Computer scientists affiliated with the University of Illinois Urbana-Champaign (UIUC) have demonstrated this by weaponizing several large language models (LLMs) to compromise vulnerable websites without human guidance. Prior research suggests LLMs can be used, despite safety controls, to assist [PDF] with the creation of malware.
Researchers Richard Fang, Rohan Bindu, Akul Gupta, Qiusi Zhan, and Daniel Kang went a step further and showed that LLM-powered agents – LLMs provisioned with tools for accessing APIs, automated web browsing, and feedback-based planning – can wander the web on their own and break into buggy web apps without oversight.

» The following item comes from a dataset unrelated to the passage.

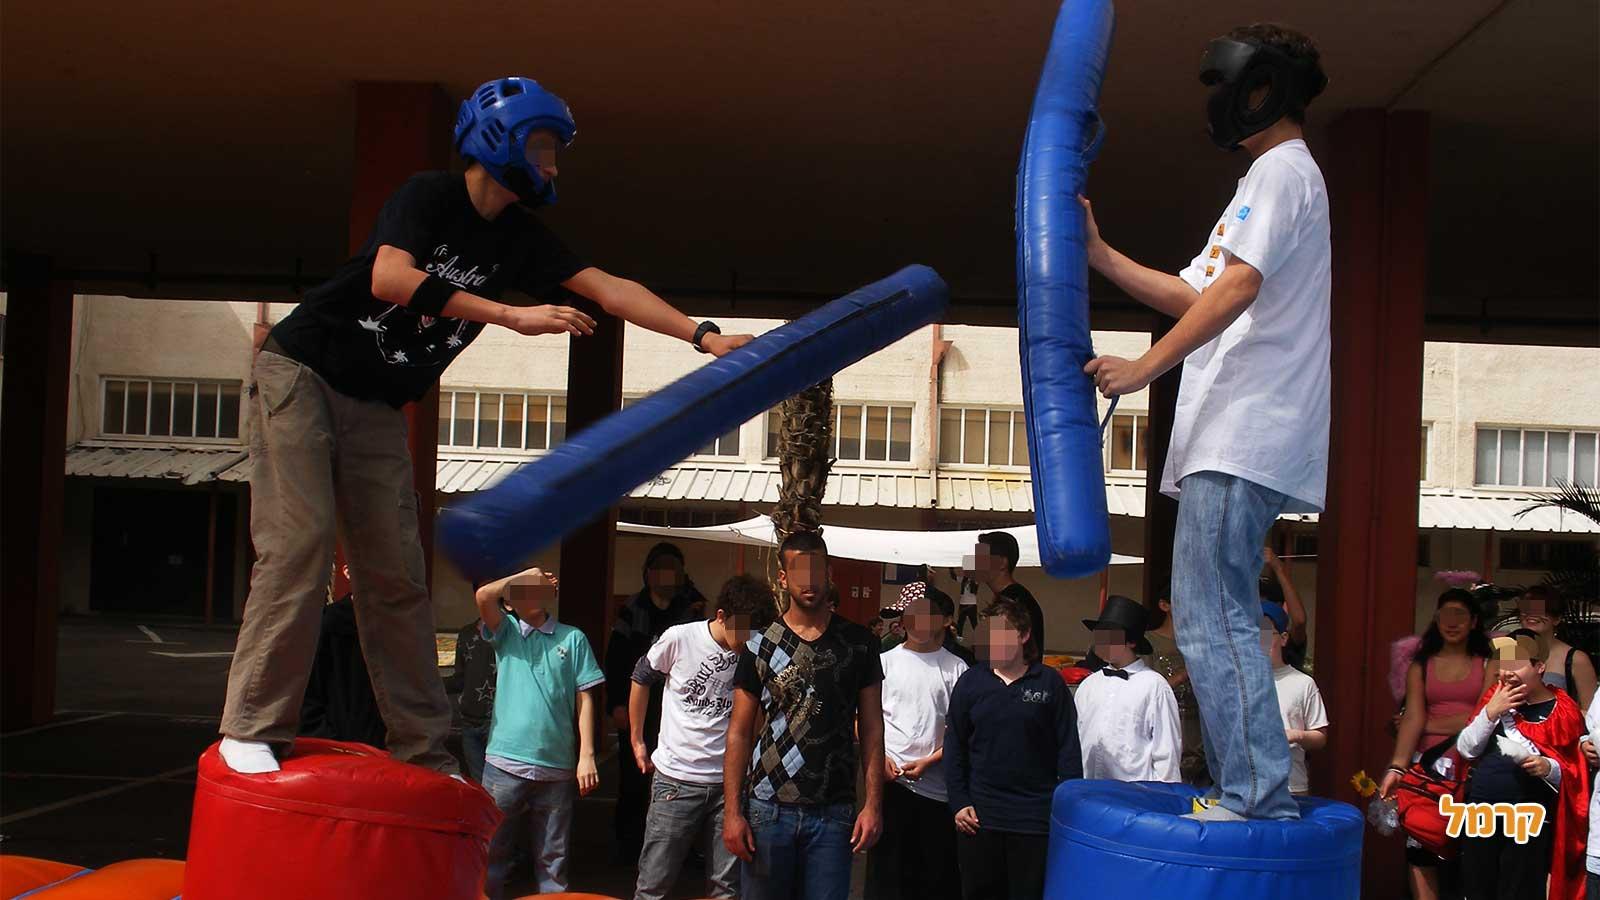 פעילויות ואטרקציות לילדים ונוער - 073-7026534

They describe their findings in a paper titled, “LLM Agents can Autonomously Hack Websites.”
“In this work, we show that LLM agents can autonomously hack websites, performing complex tasks without prior knowledge of the vulnerability,” the UIUC academics explain in their paper.
“For example, these agents can perform complex SQL union attacks, which involve a multi-step process (38 actions) of extracting a database schema, extracting information from the database based on this schema, and performing the final hack.”
In an interview with The Register, Daniel Kang, assistant professor at UIUC, emphasized that he and his co-authors did not actually let their malicious LLM agents loose on the world. The tests, he said, were done on real websites in a sandboxed environment to ensure no harm would be done and no personal information would be compromised.
What we found is that GPT-4 is highly capable of these tasks. Every open source model failed, and GPT-3.5 is only marginally better than the open source models
“We used three major tools,” said Kang. “We used the OpenAI Assistants API, LangChain, and the Playwright browser testing framework.
“The OpenAI Assistants API is basically used to have context, to do the function calling, and many of the other things like document retrieval that are really important for high performance. LandChain was basically used to wrap it all up. And the Playwright web browser testing framework was used to actually interact with websites.”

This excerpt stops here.